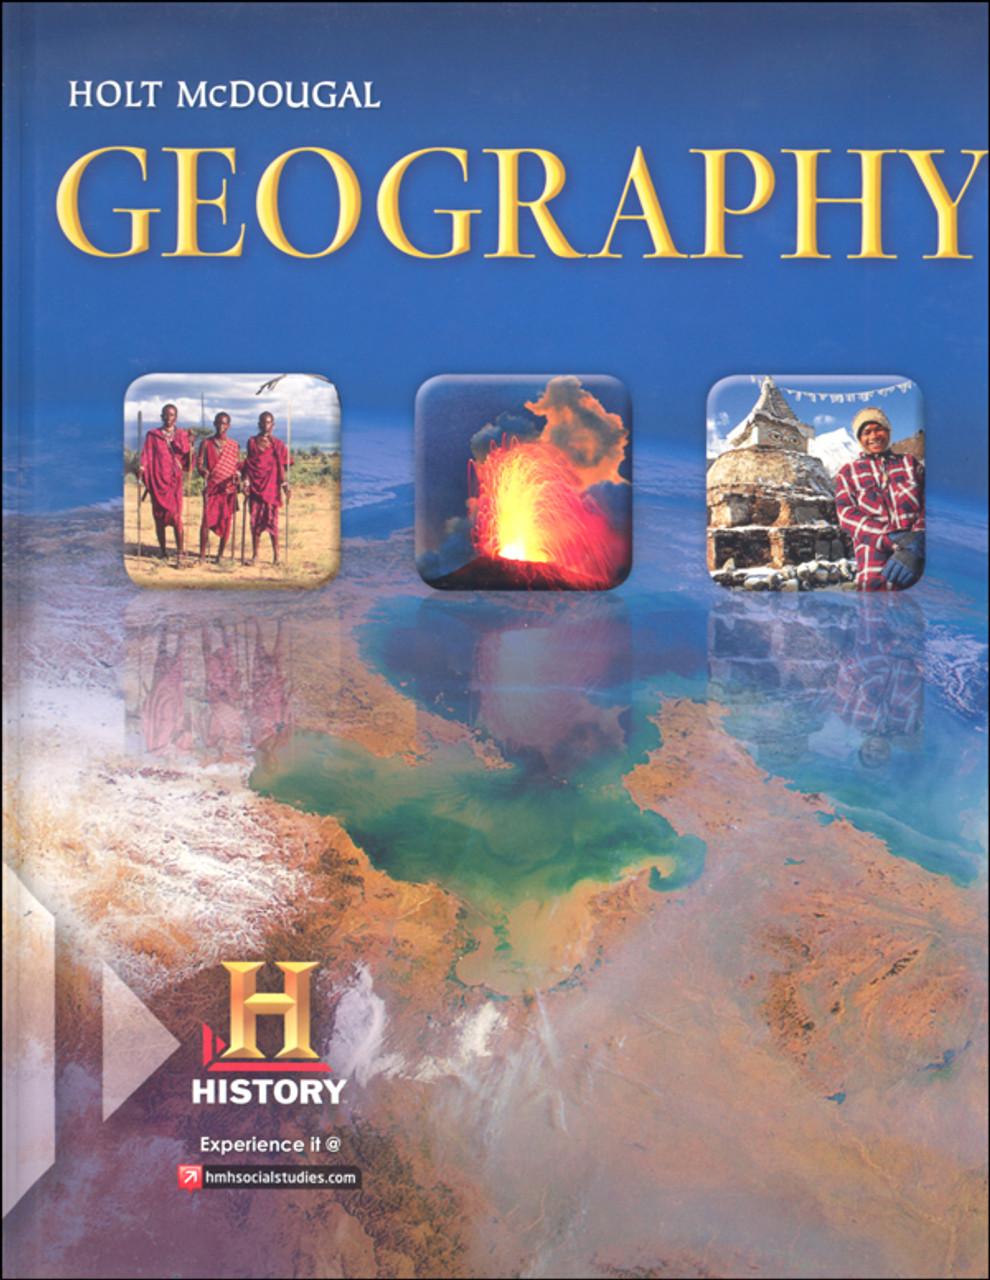 Holt McDougal Geography Grades 9 12 Student Textbook
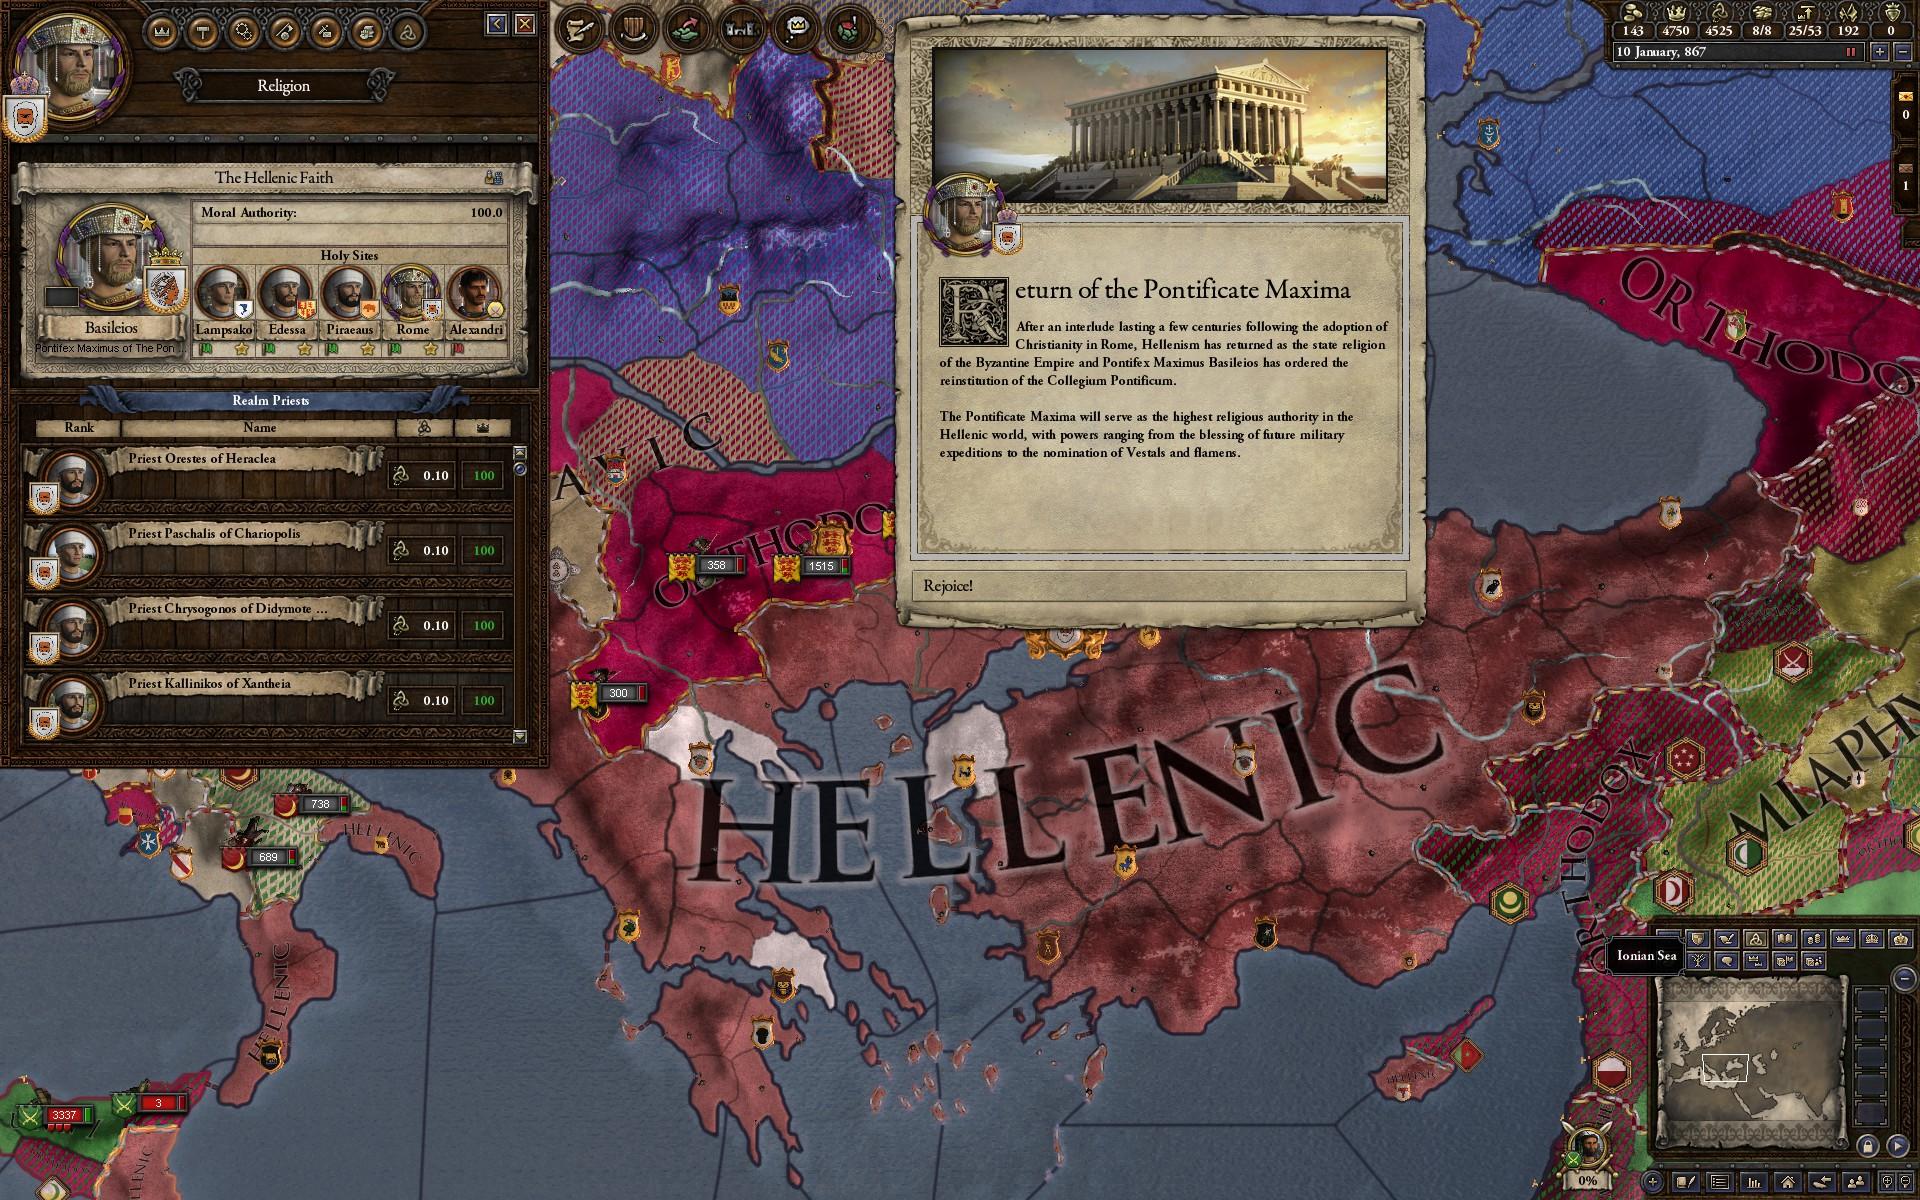 The crusader kings 2 mods
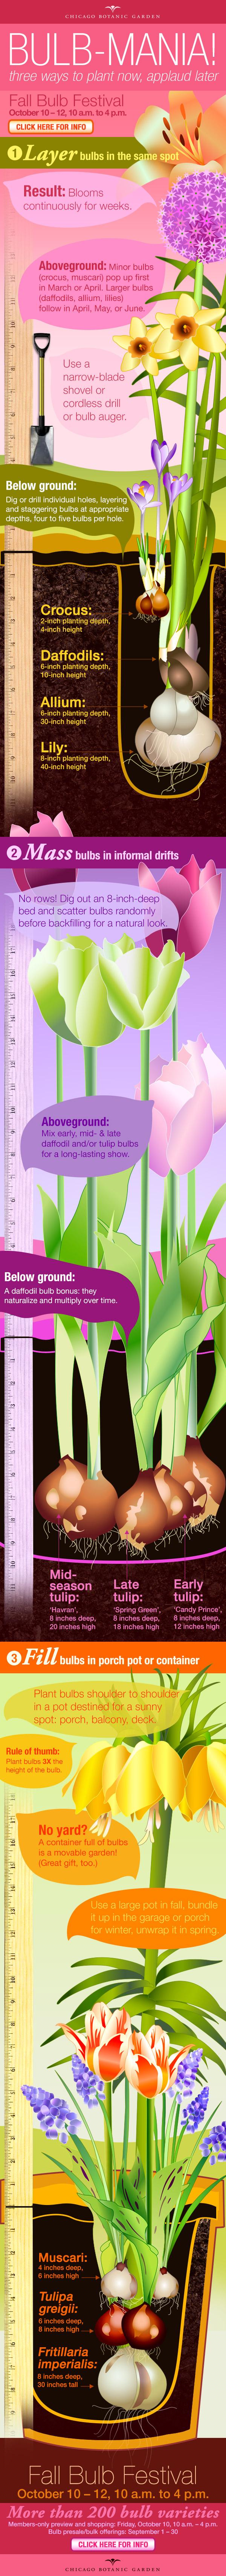 ILLUSTRATION: Bulb planting infographic.
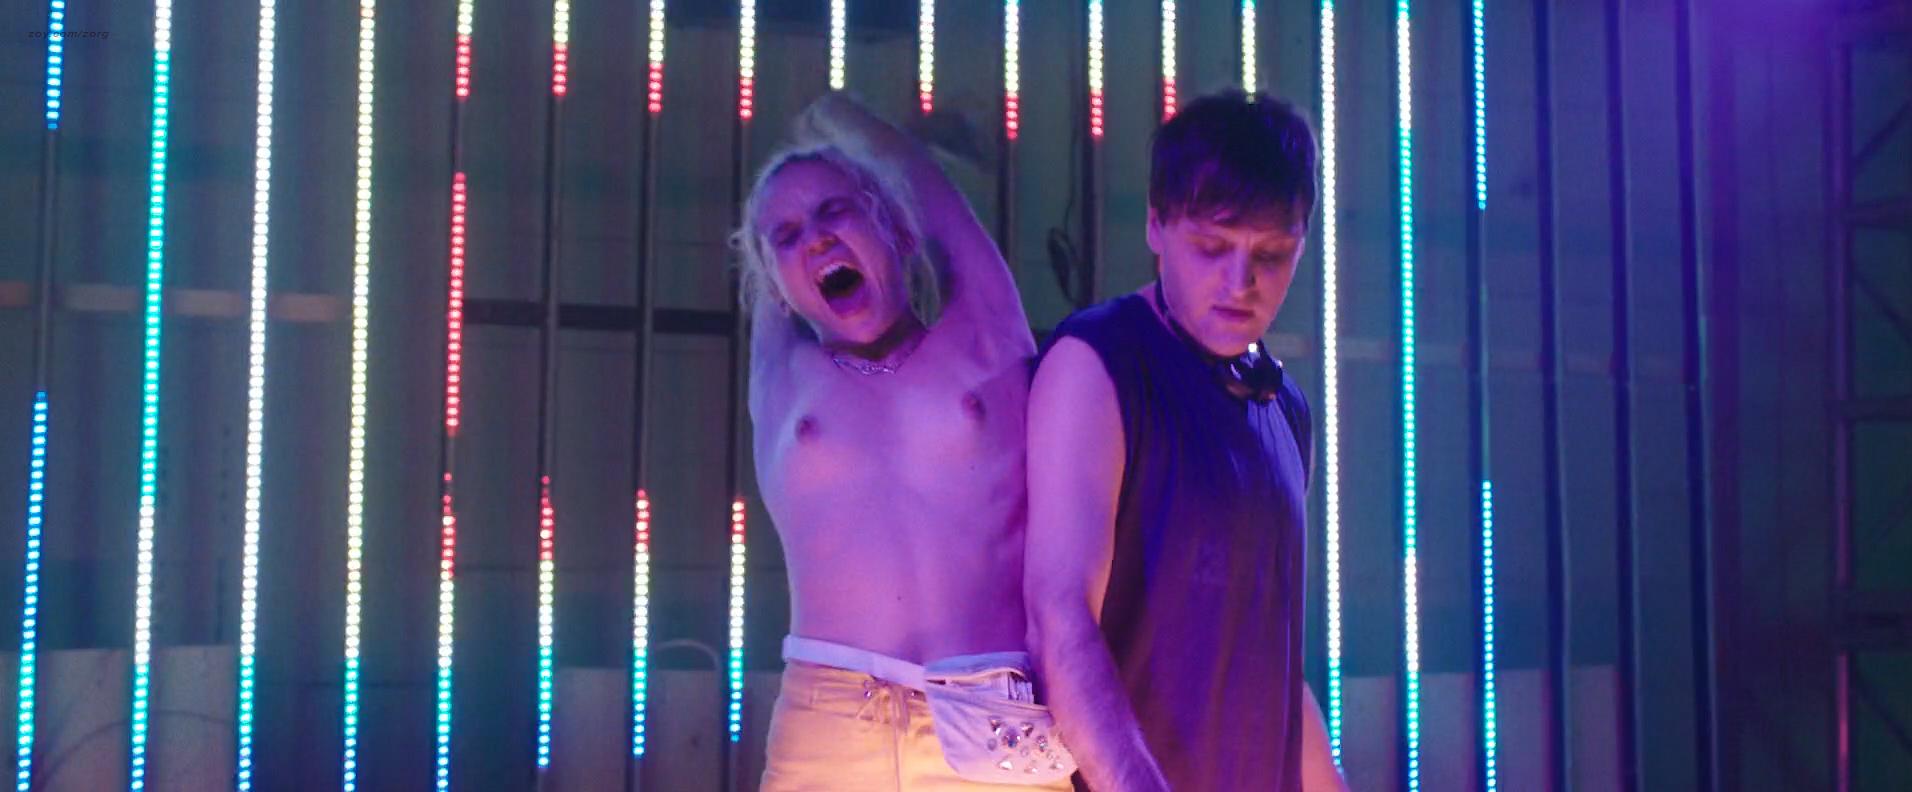 Morgan Saylor nude topless explicit blow job and India Menuez nude - White Girl (2016) HD 1080p (2)
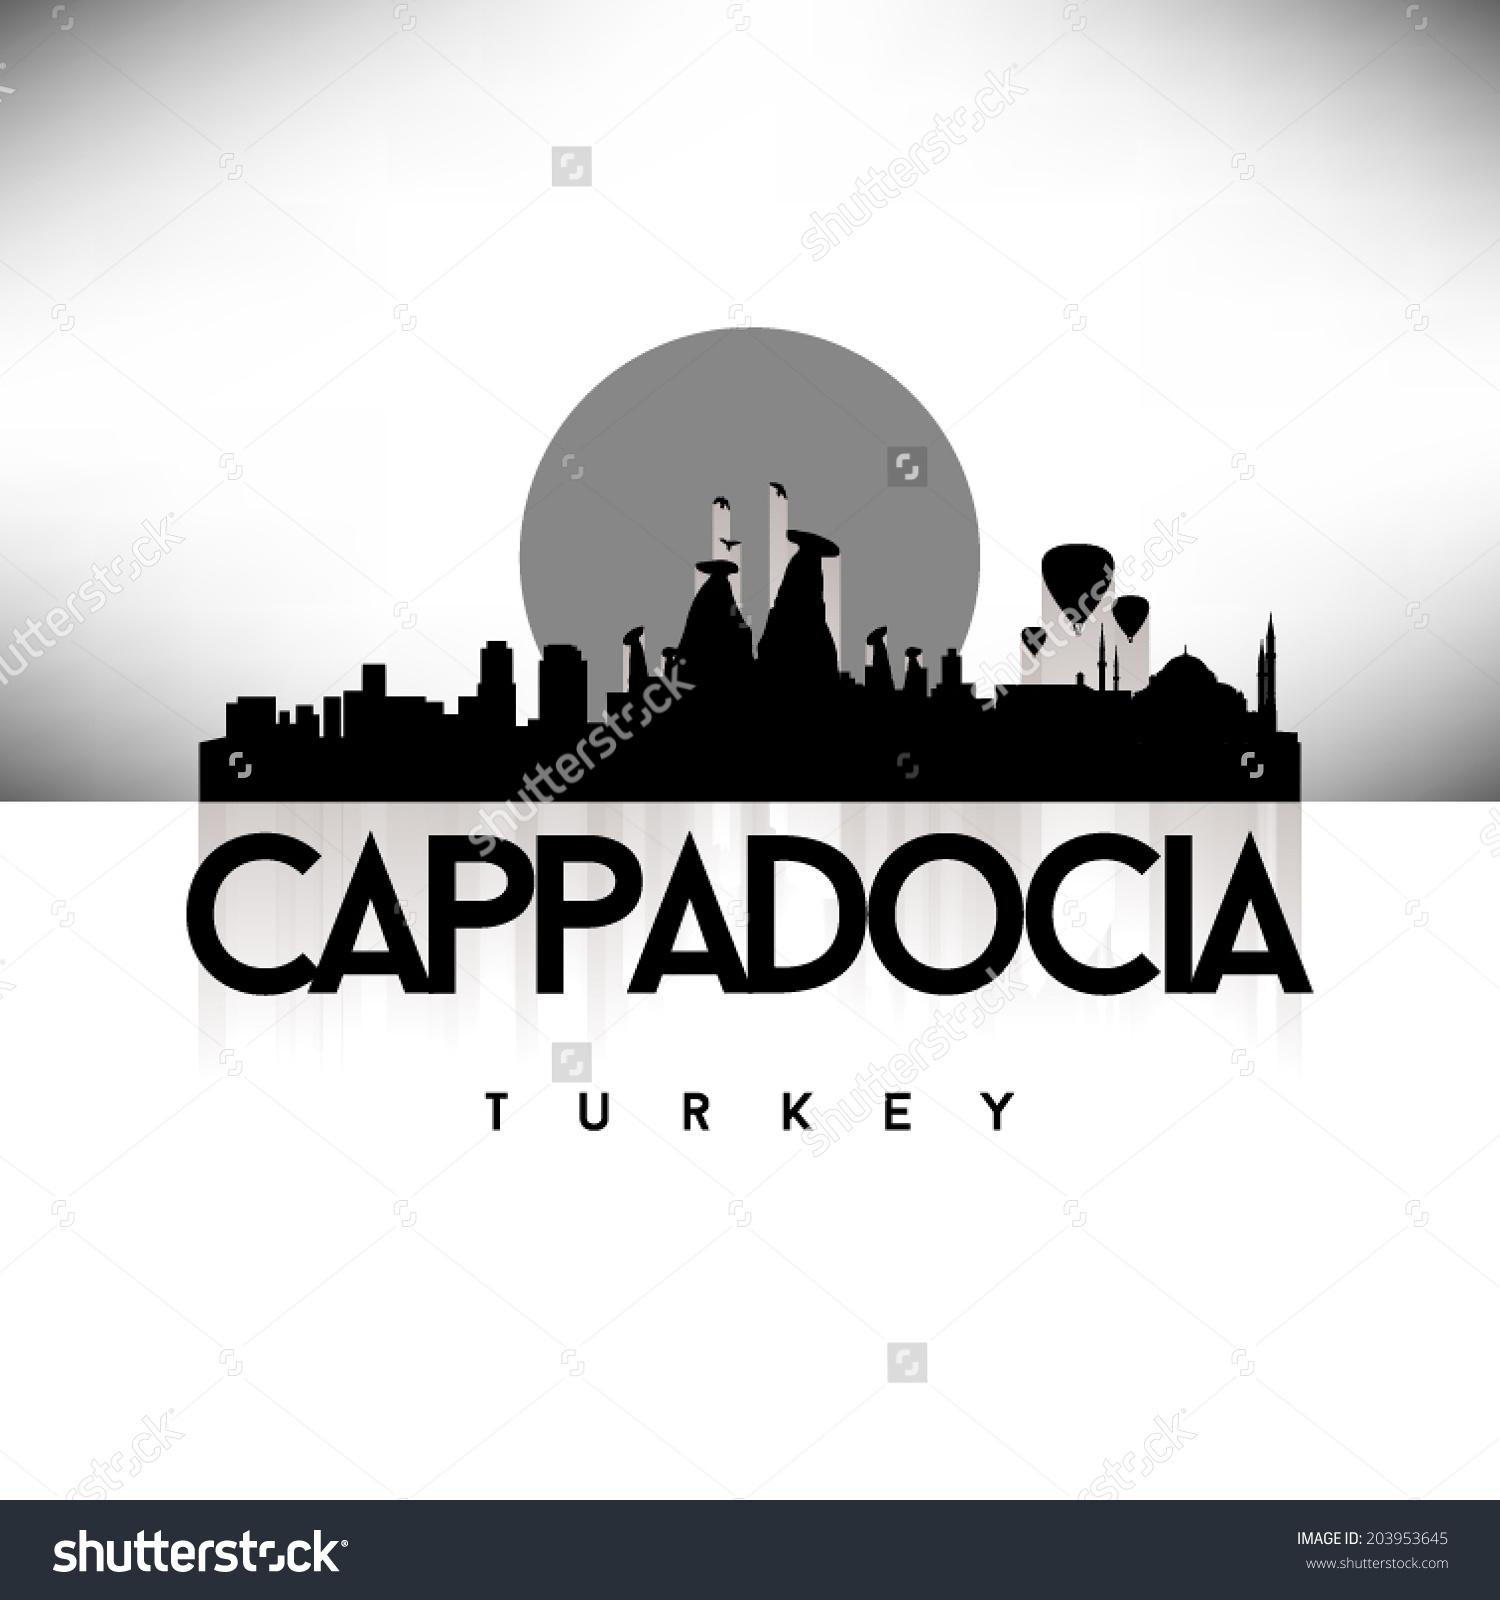 Cappadocia clipart #4, Download drawings
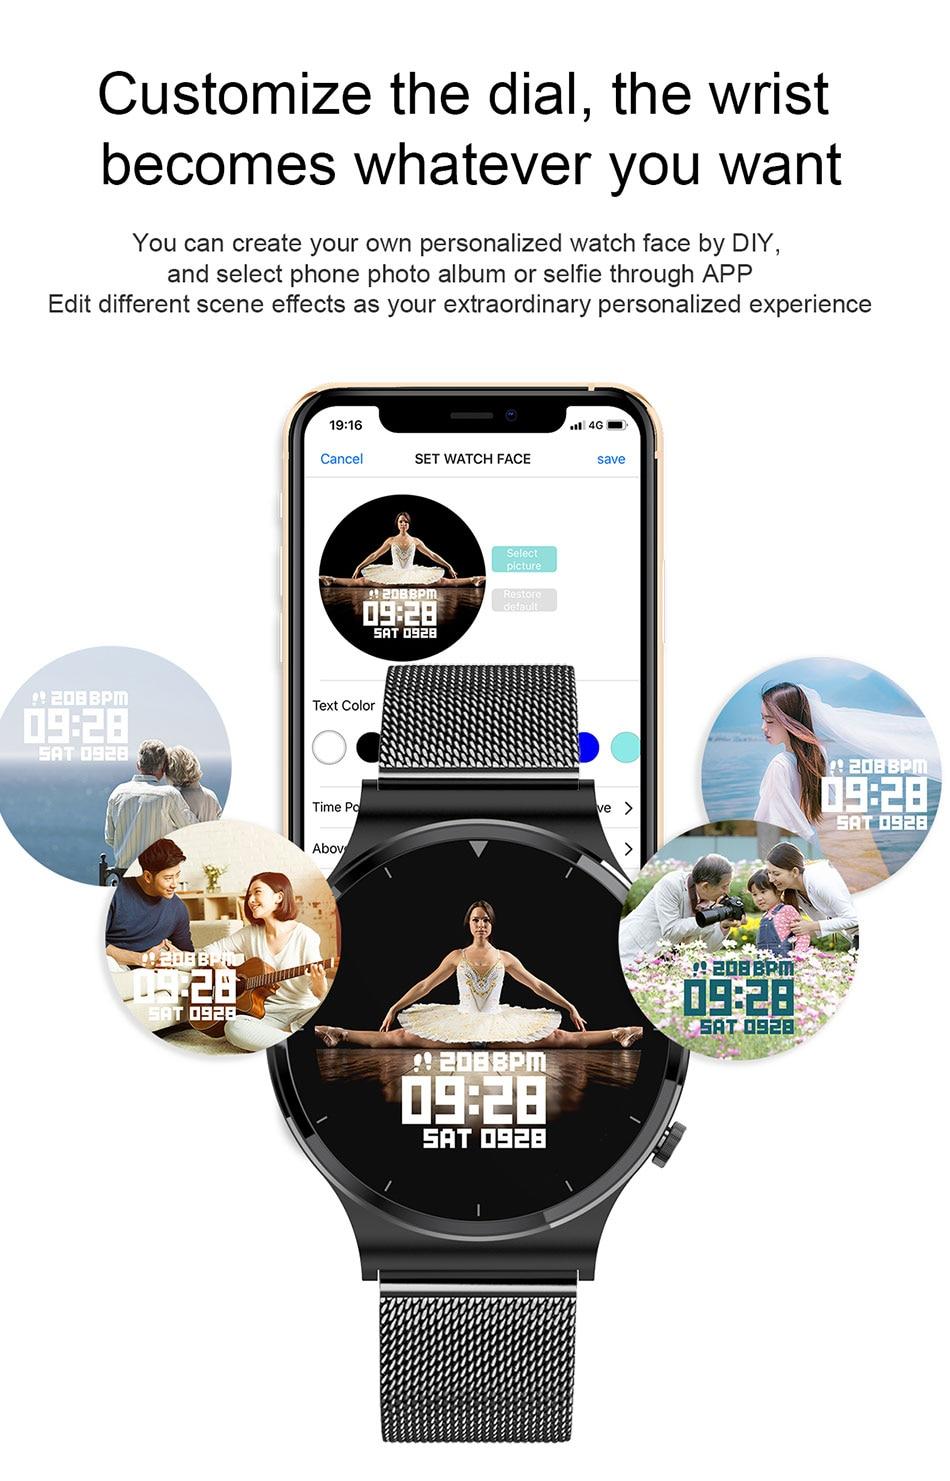 Ha407e48fed904b818b053c9b115ad47ef LIGE 2021 New Smart watch Men IP68 waterproof watch Multiple sports modes heart rate weather Forecast Bluetooth Men Smart watch

## Work required
All of the entries must be reproduced exactly, with no pictures kept.

## Output of the exercise
 Holt McDougal Geography Grades 9 12 Student Textbook
 The crusader kings 2 mods
 ILLUSTRATION: Bulb planting infographic.
 Morgan Saylor nude topless explicit blow job and India Menuez nude - White Girl (2016) HD 1080p (2)
 Cappadocia clipart #4, Download drawings
 Ha407e48fed904b818b053c9b115ad47ef LIGE 2021 New Smart watch Men IP68 waterproof watch Multiple sports modes heart rate weather Forecast Bluetooth Men Smart watch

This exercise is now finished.